# TO DO:
In the copy, every line of the material that follows must appear exactly, and no pictures should.

# SUPPLIED DATA:

**********

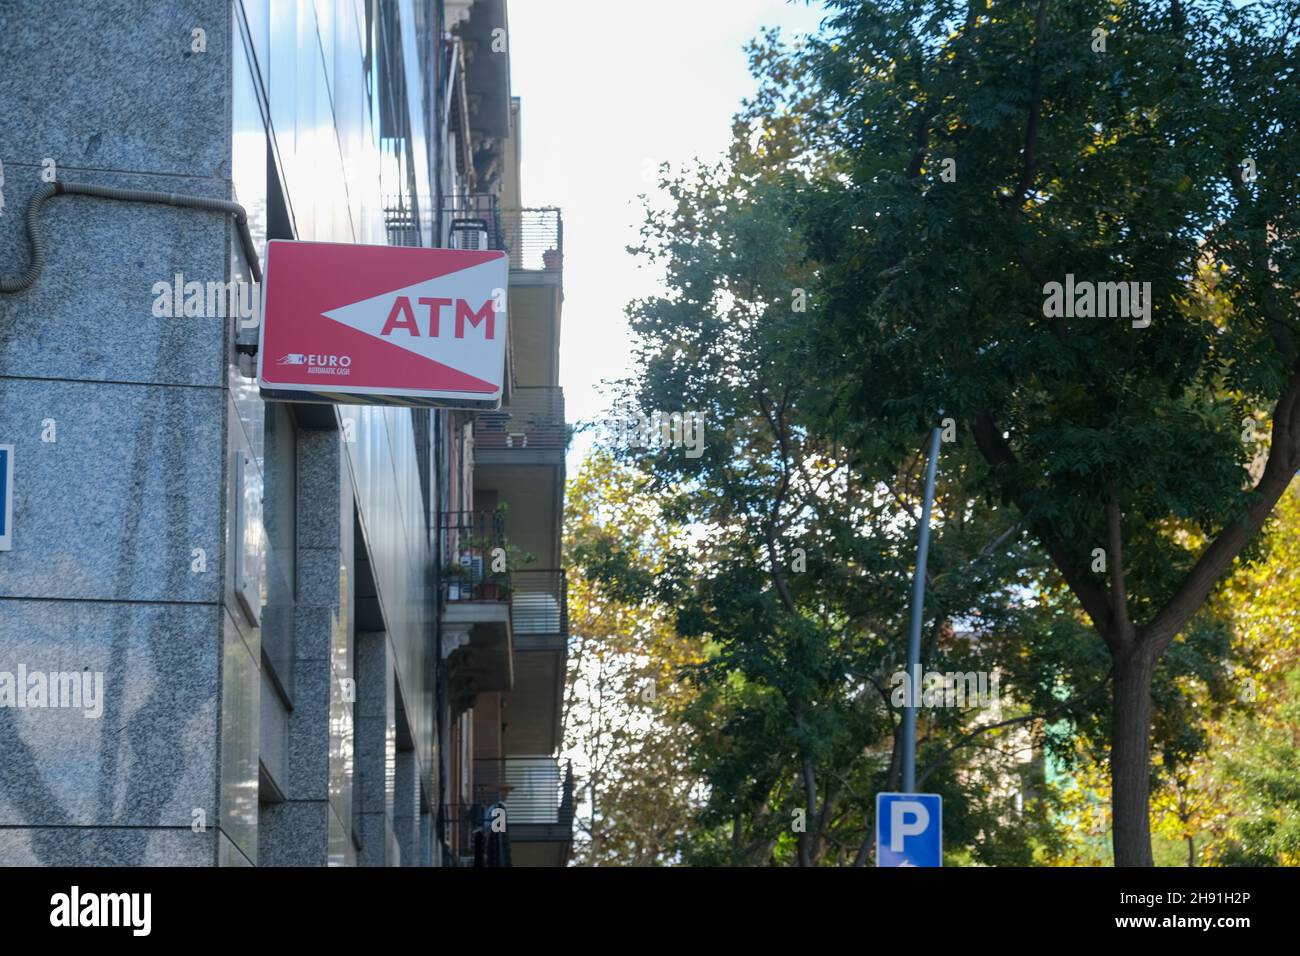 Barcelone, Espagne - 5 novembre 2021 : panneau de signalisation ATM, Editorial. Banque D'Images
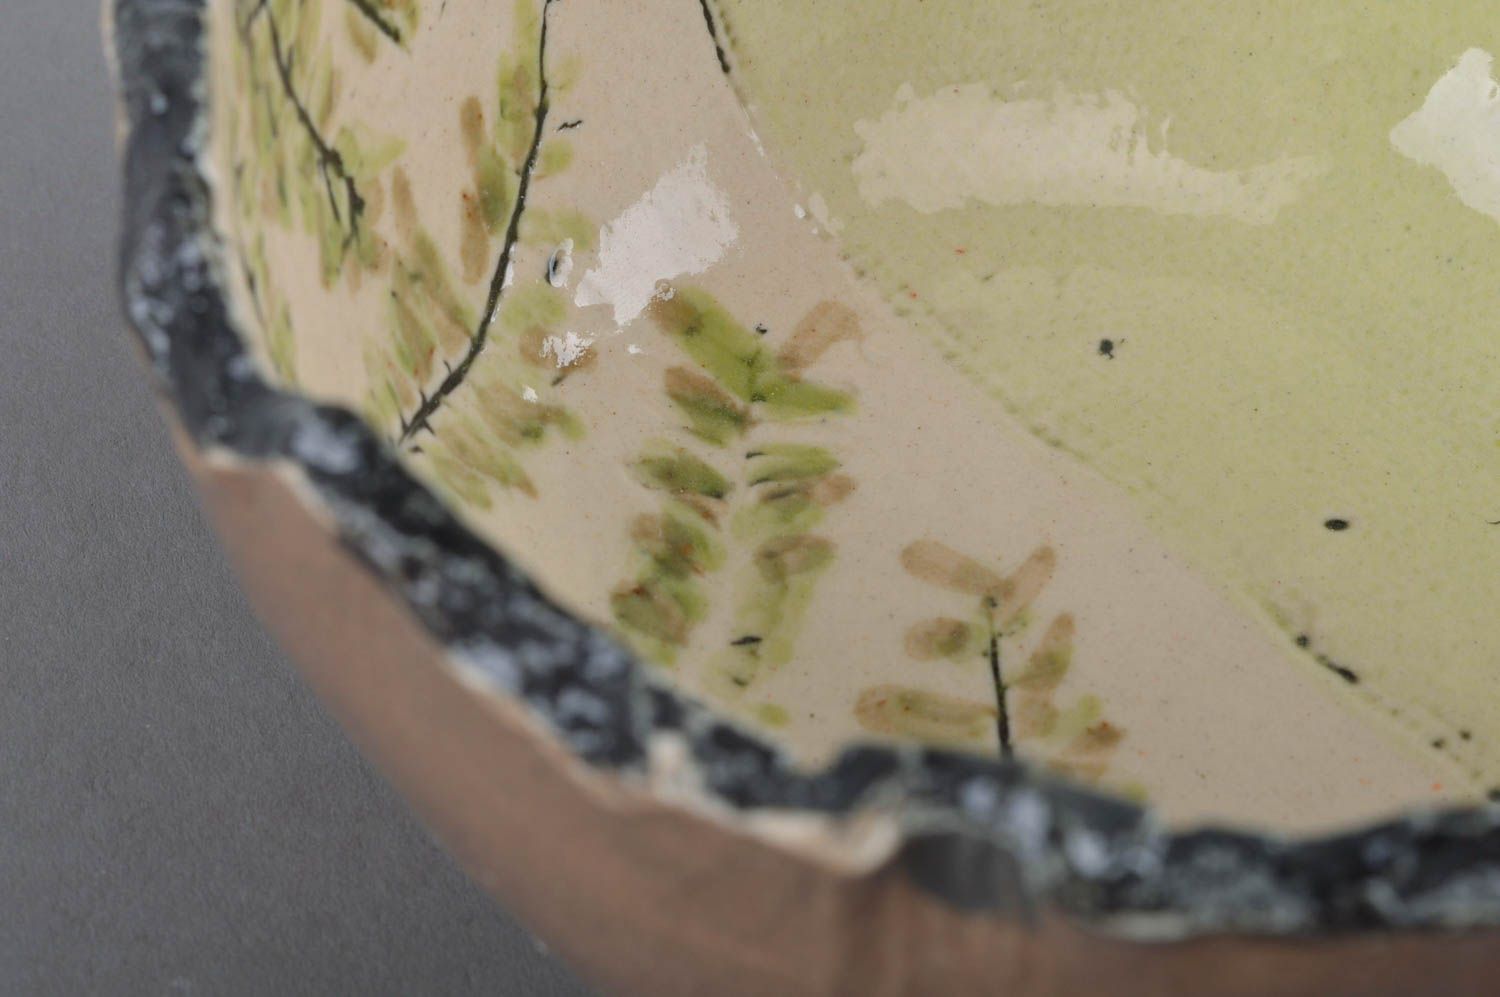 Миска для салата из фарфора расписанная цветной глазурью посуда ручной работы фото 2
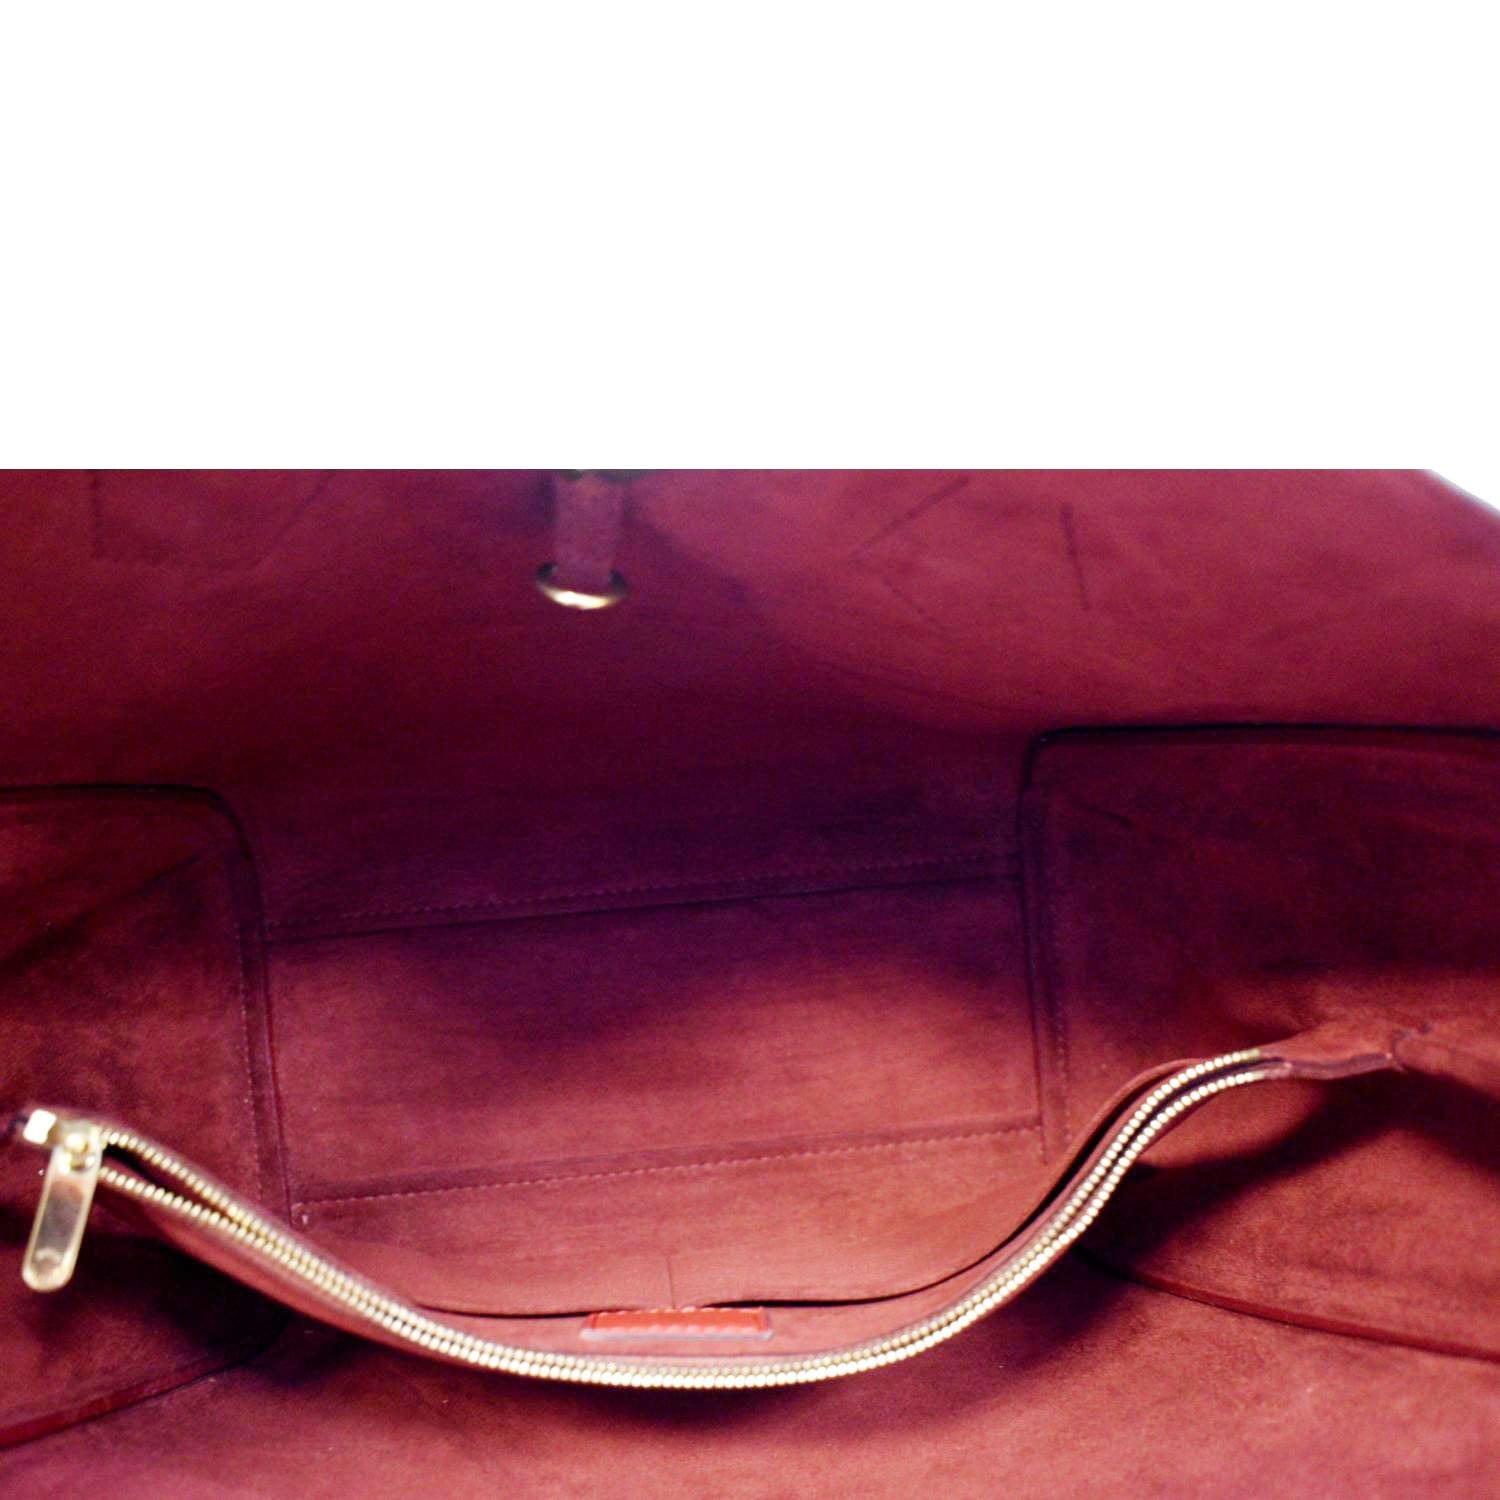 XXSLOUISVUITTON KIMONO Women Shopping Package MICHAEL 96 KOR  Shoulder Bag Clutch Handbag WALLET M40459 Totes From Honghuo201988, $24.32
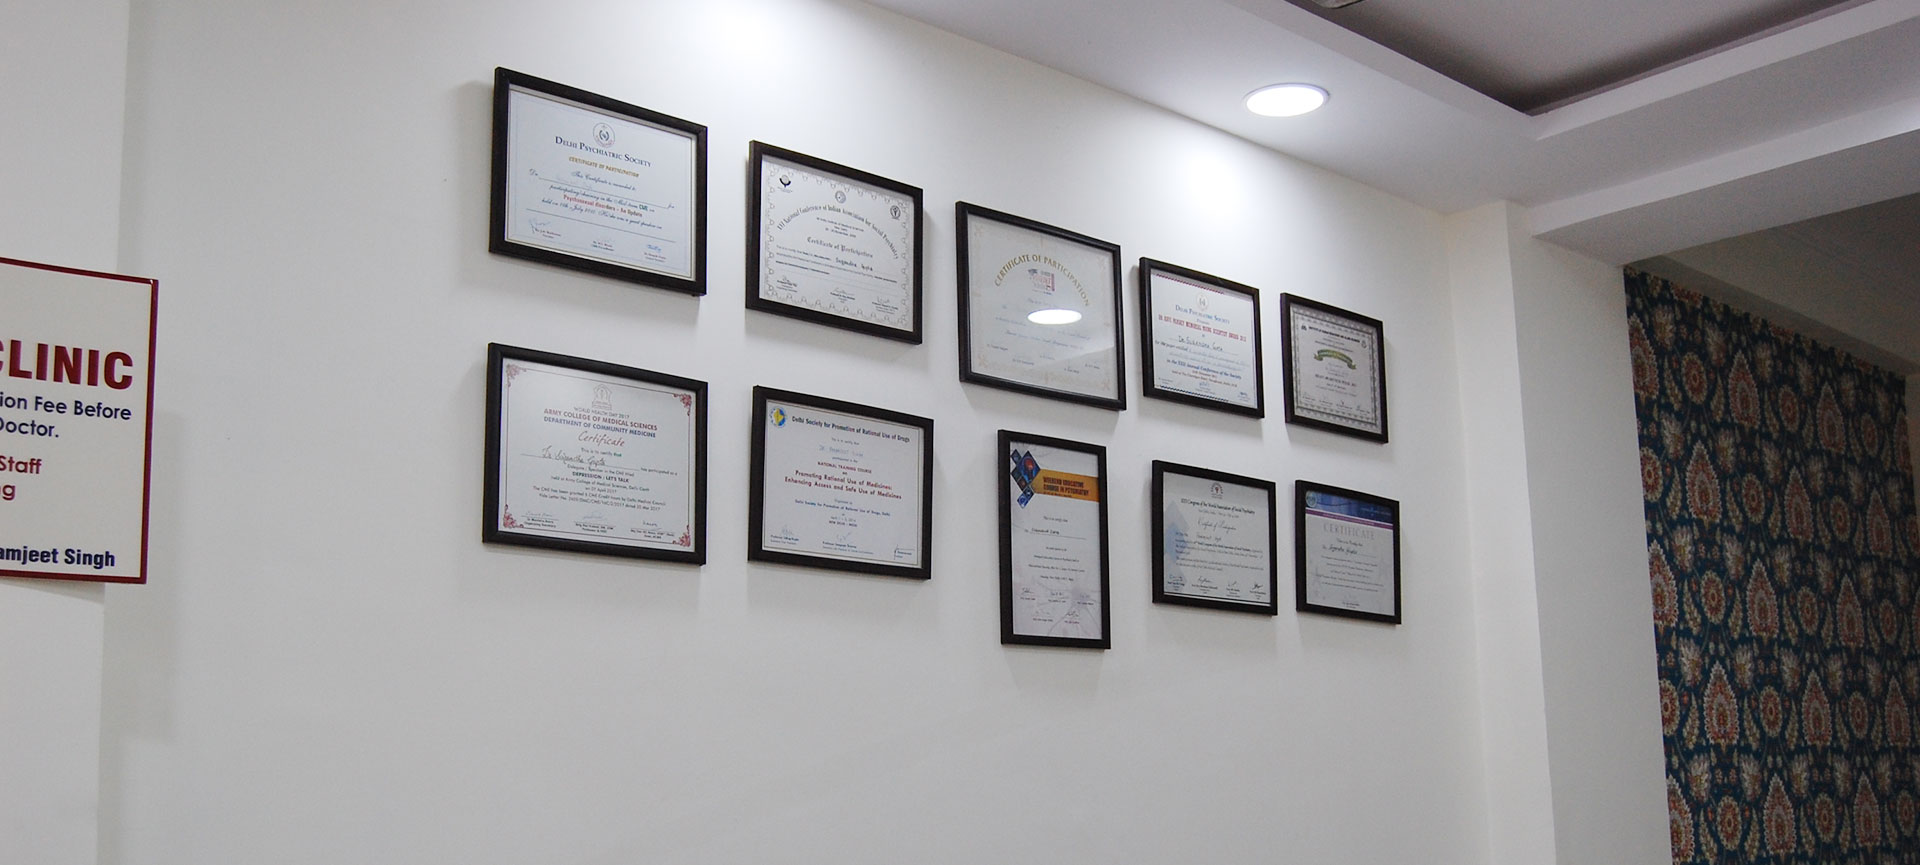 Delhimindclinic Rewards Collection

**********

# RESPONSE AREA:
 Barcelone, Espagne - 5 novembre 2021 : panneau de signalisation ATM, Editorial. Banque D'Images
 Миска для салата из фарфора расписанная цветной глазурью посуда ручной работы фото 2
 XXSLOUISVUITTON KIMONO Women Shopping Package MICHAEL 96 KOR  Shoulder Bag Clutch Handbag WALLET M40459 Totes From Honghuo201988, $24.32
 Delhimindclinic Rewards Collection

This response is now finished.